The Irish already had expended considerable energy trying to prevent an American-British rapprochement . They had forced Grover Cleveland to demand the recall of a British ambassador when he stupidly remarked that Cleveland’s election meant good news for British interests in America. They had blocked an attempt to pass an arbitration treaty with England in 1897 and 1905, causing Theodore Roosevelt’s Secretary of State, John Hay, to exclaim: “The Irish are thirsting for my gore.” In 1907 the Ancient Order of Hibernians signed an agreement with the National German-American Alliance to oppose American entanglements with any foreign power.

This Hibernian-German entente was the prelude for a wide-ranging alliance between Irish nationalists and German-American groups after World War I began. In 1915 a bill banning arms shipments to belligerents, backed by various German-Irish front groups, came within fourteen votes of passing in the Senate. The Wilson government replied with a ferocious attack on “hyphenism” and hyphenated Americans. In a speech to Congress, Wilson accused them of pouring “the poison of disloyalty into the very arteries of our national life.” Seized German documents revealing Berlin’s financial backing of many front groups were leaked to pro-administration papers. These attacks, coupled with German outrages on the high seas and an enormously skillful British propaganda campaign, enabled Wilson to lead the United States into the war on the side of the Allies without any significant backlash from the Irish. Anxious to prove their challenged loyalty to the United States, they supported the war effort almost to a man.


But Wilson created a legacy of antagonism that was to haunt him and his party. This resentment was fanned into furious flame by the 1916 Easter Rebellion in Ireland, and the heavy-handed British reprisals that sent Patrick Pearse and other leaders to the firing squads. The Irish-Americans seized on the Wilsonian principle of national self-determination and put the President’s feet to the fire. A Clan-na-Gael front, “The Friends of Irish Freedom,” sponsored an “Irish Race Convention” in Philadelphia on February 22,1919. With a unanimity unmatched for decades, squadrons of professional politicians, as well as thirty bishops and three archbishops (including Cardinal Gibbons of Baltimore, dean of the American hierarchy) joined five thousand delegates in demanding Irish independence. An Irish Victory Fund was launched to finance an “educational” campaign and soon received pledges of over a million dollars.

Wilson stubbornly refused to deal with the Irish. Having smashed them once with his assault on hyphenism, he badly underestimated their postwar determination. At the Versailles peace conference, the President’s intransigence deepened. He declined to receive a delegation from the Irish Race Convention that arrived in Paris on April 11,1919. Nor would he apply any pressure on the British to permit a delegation from the provisional republican government, formed in Ireland under the leadership of Easter Rebellion hero Eamon de Valera, to visit Versailles. Wilson also ignored pro-Irish resolutions which the U.S. House of Representatives and Senate passed with huge majorities.

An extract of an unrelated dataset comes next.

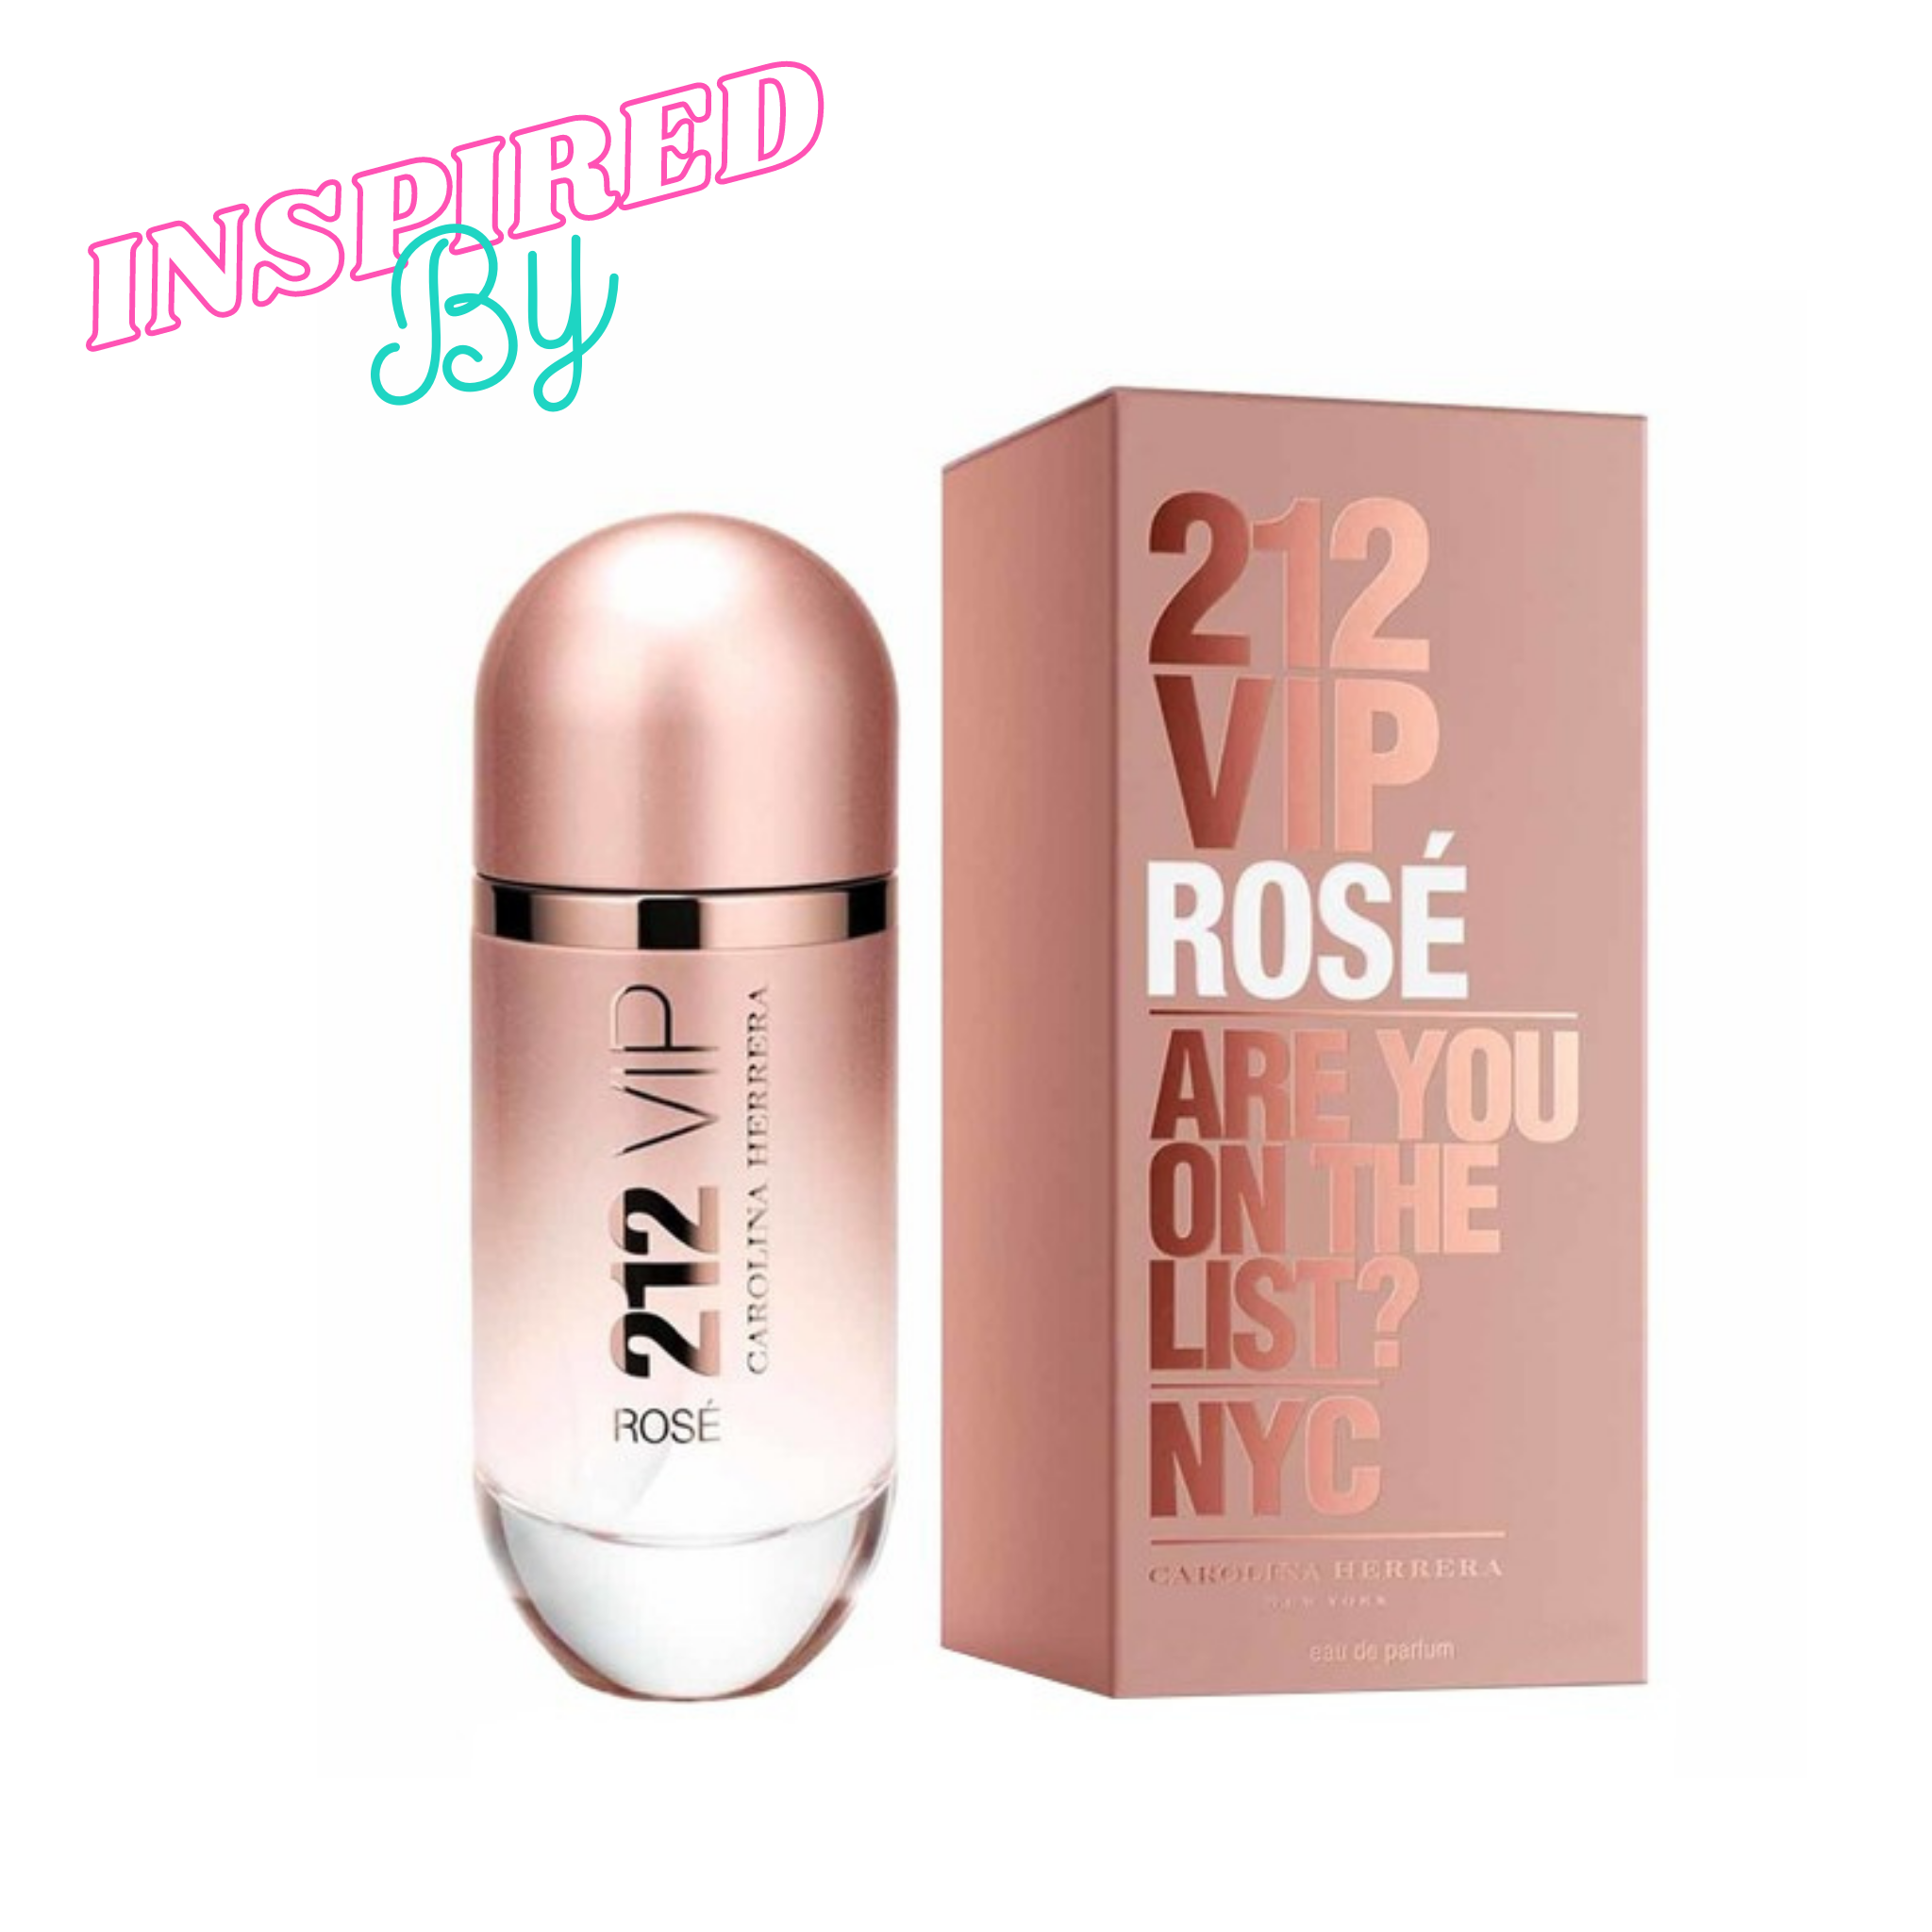 Inspired by CH 212 VIP Rose 100ml - Fragrance Deliver SA

At Versailles, Wilson claimed that he was unable to bring up the Irish question without forfeiting British support for the League of Nations. He also contended that Ireland would be able to press its case for self-determination before the League, once it became a reality. But the President did nothing to prevent Great Britain, France, and Italy from eliminating all references to self-determination from the League covenant. Small wonder that Wilson returned home to find Irish-Americans, the shock troops of his party, abusing him from hundreds of political platforms.